━━ TASK INPUTS

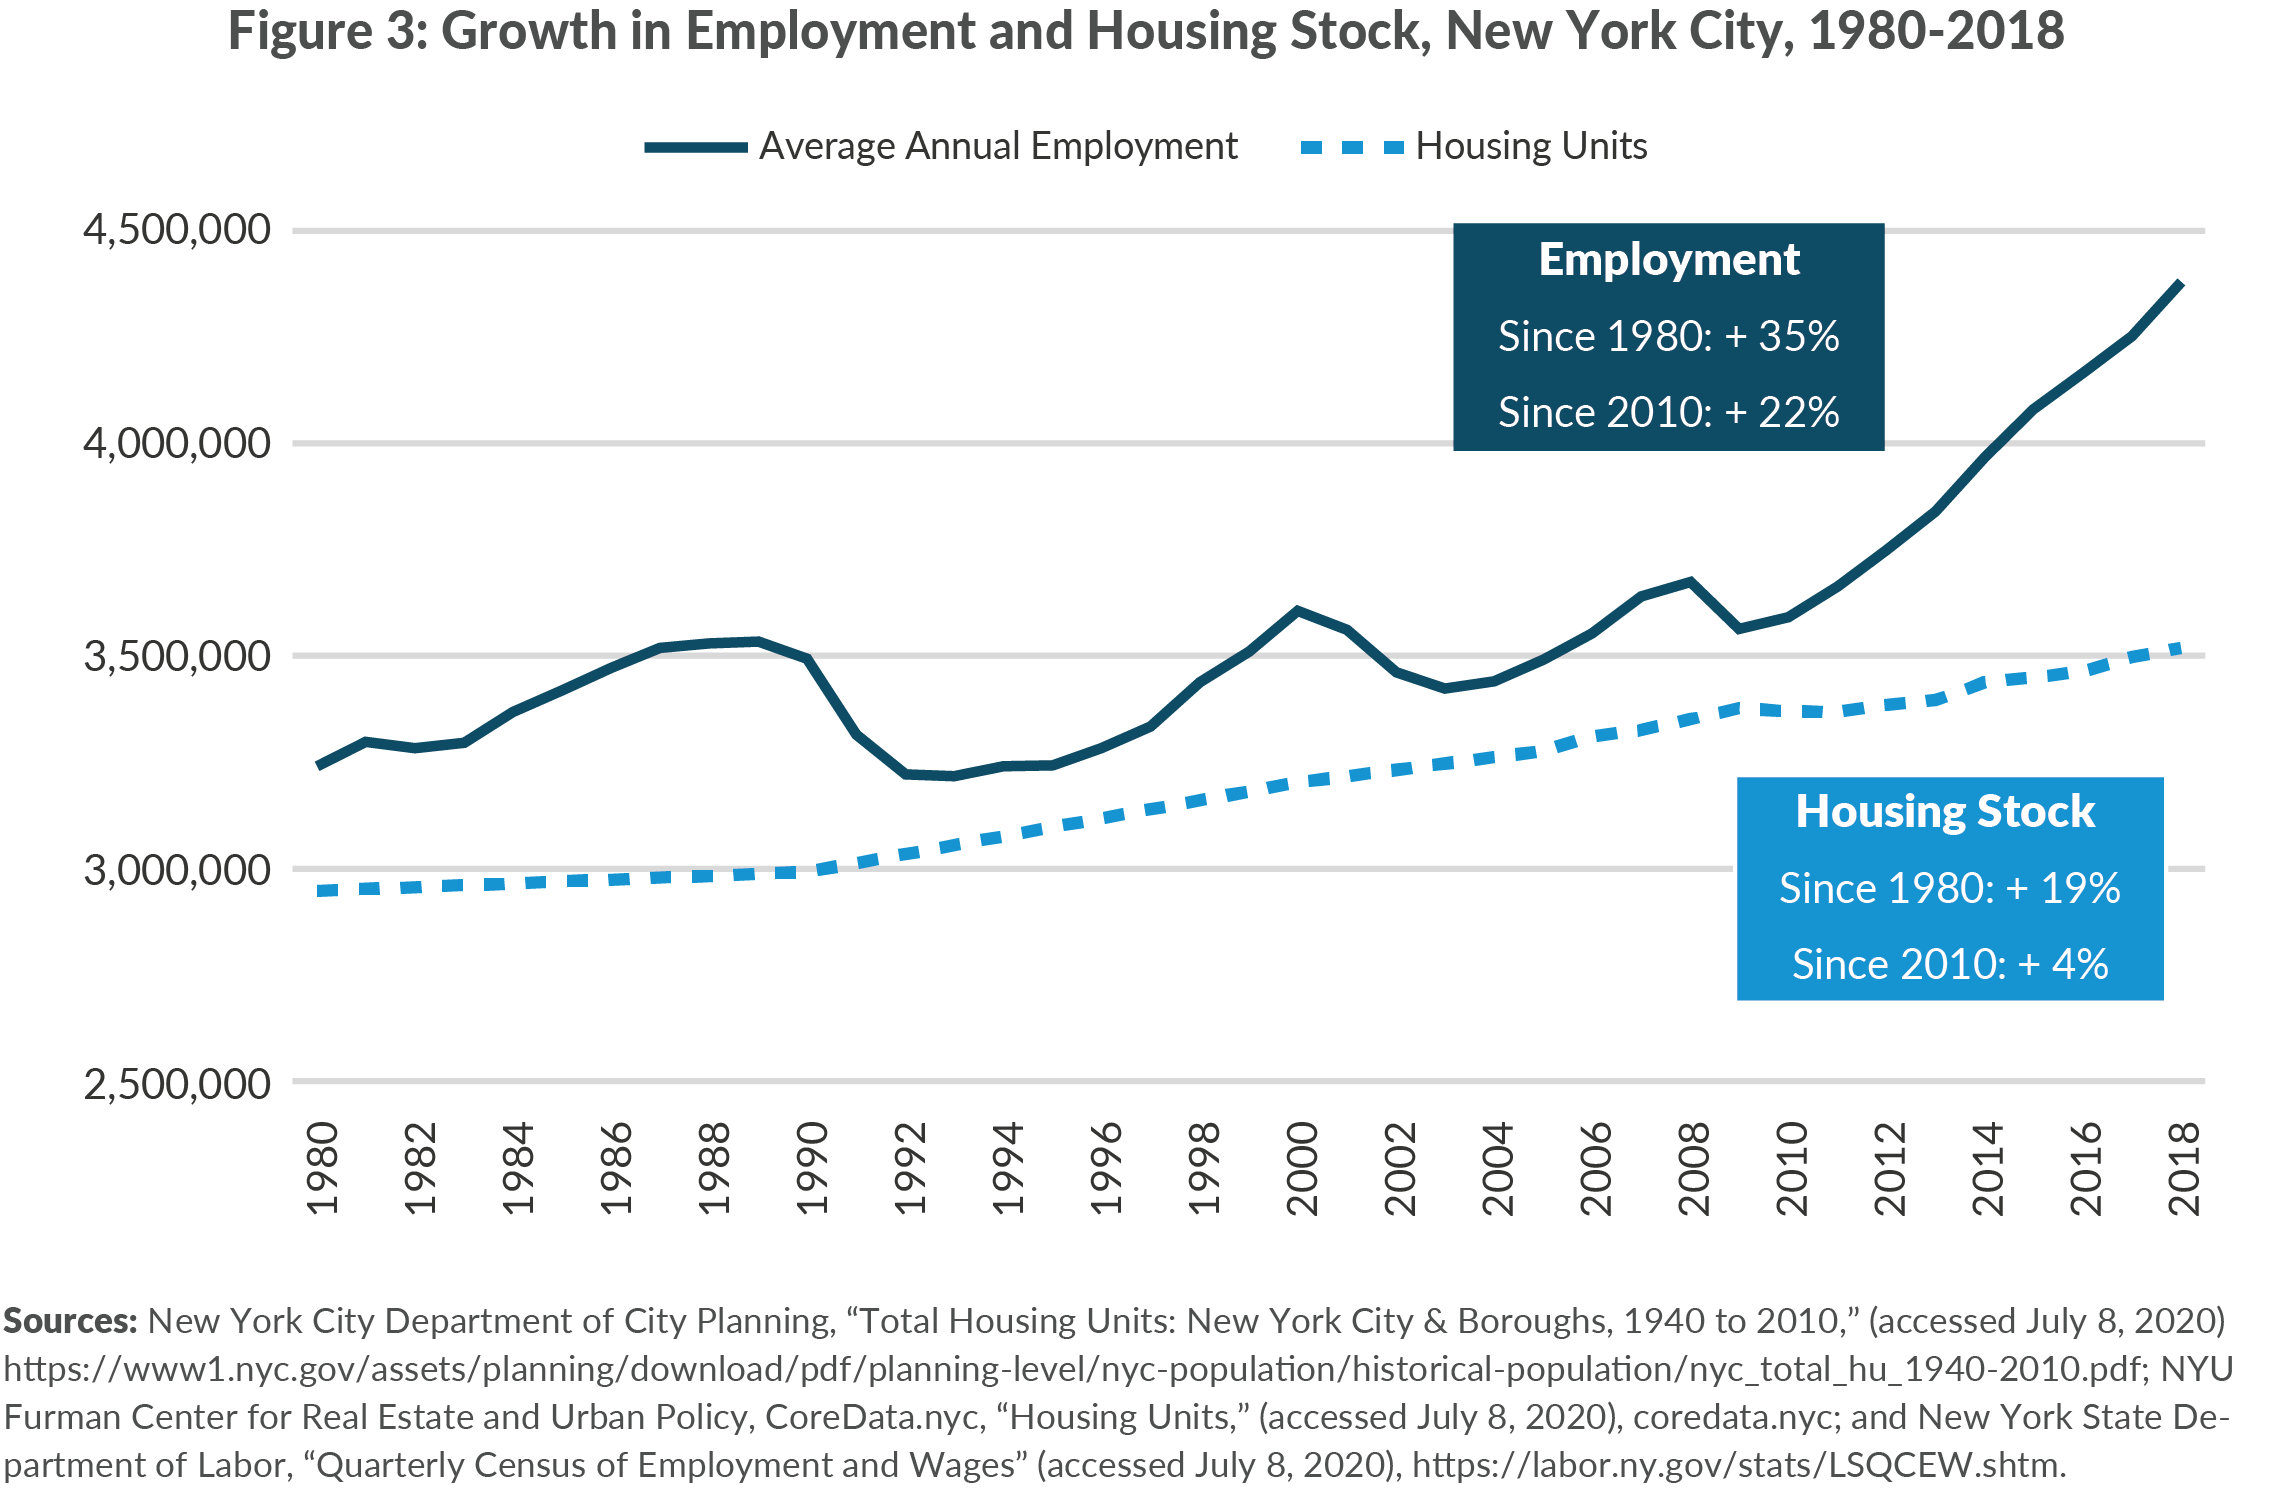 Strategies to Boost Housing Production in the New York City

━━━━
━━ TASK INPUTS

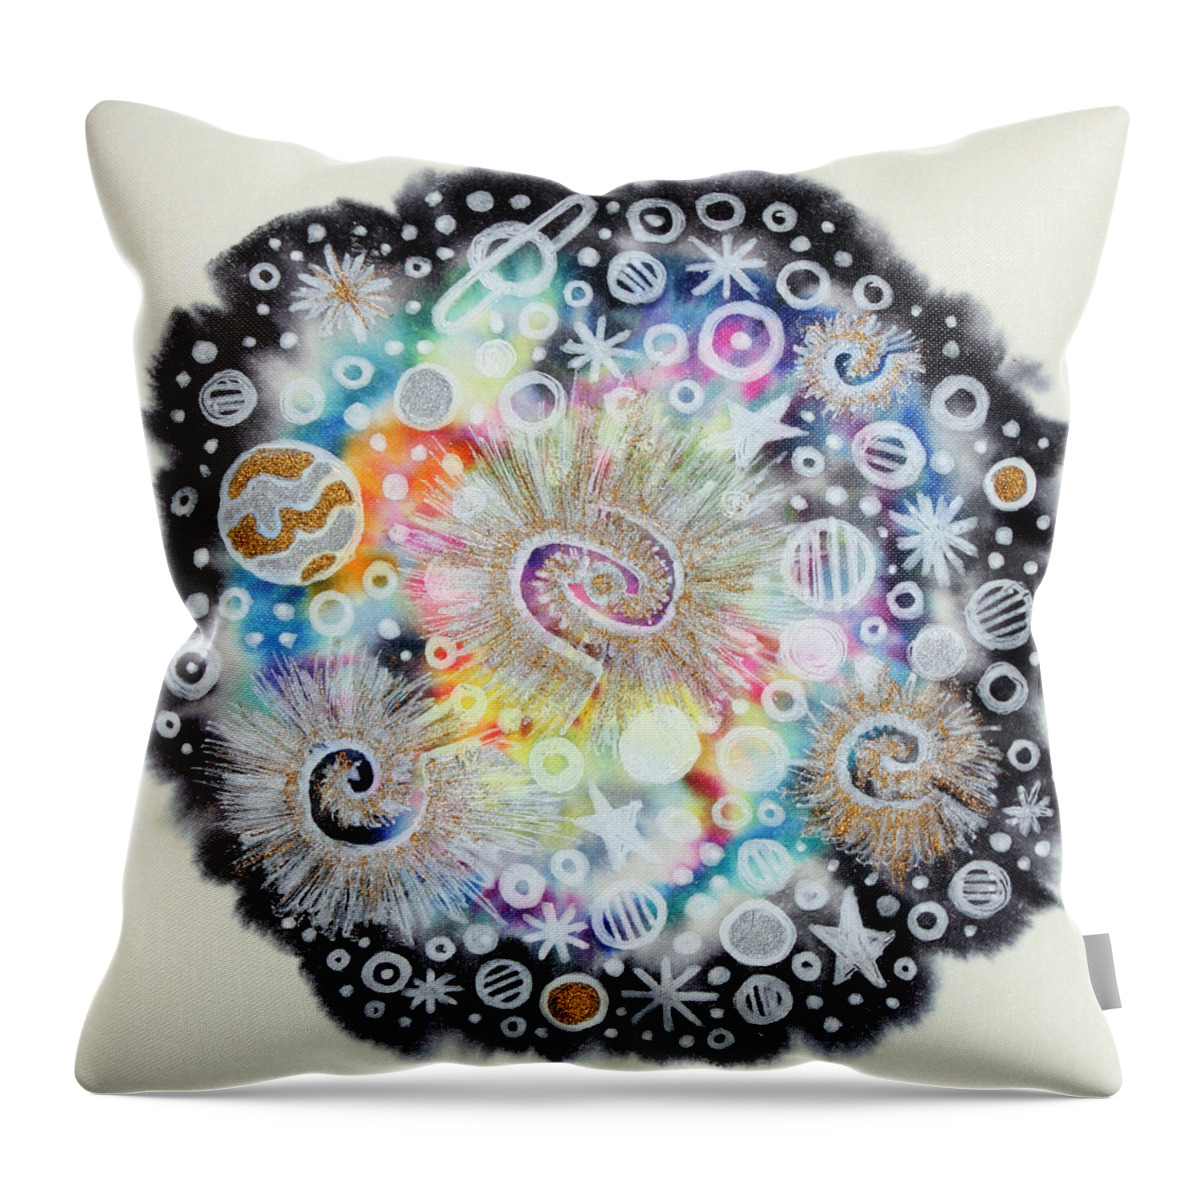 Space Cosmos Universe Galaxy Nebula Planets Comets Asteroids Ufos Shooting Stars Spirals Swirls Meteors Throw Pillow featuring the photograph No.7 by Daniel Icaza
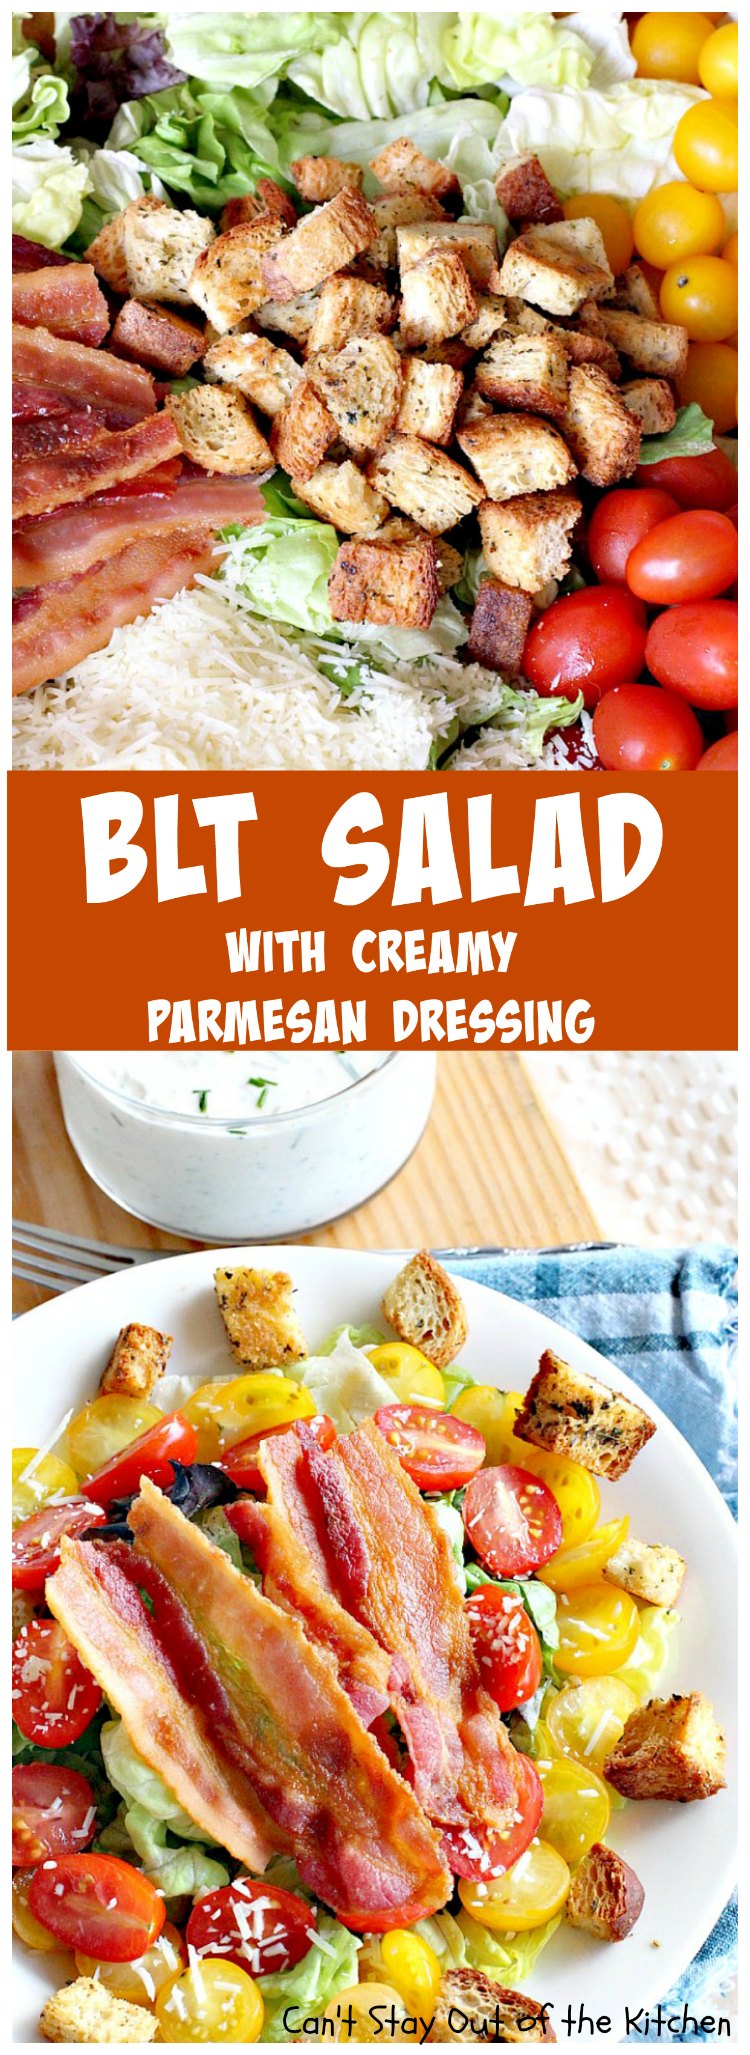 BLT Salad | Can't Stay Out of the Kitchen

━━━━
━━ TASK INPUTS

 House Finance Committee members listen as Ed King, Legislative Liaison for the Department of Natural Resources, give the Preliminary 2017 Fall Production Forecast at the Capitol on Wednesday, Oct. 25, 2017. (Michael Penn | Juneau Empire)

━━━━

> [WHAT IS EXPECTED] Set down, exactly as written above, each line from the one with "Space Cosmos Universe" through the one with "BLT Salad | Can't Stay Out of the Kitchen", and skip the pictures.

> [WRITTEN ANSWER]
 Space Cosmos Universe Galaxy Nebula Planets Comets Asteroids Ufos Shooting Stars Spirals Swirls Meteors Throw Pillow featuring the photograph No.7 by Daniel Icaza
 BLT Salad | Can't Stay Out of the Kitchen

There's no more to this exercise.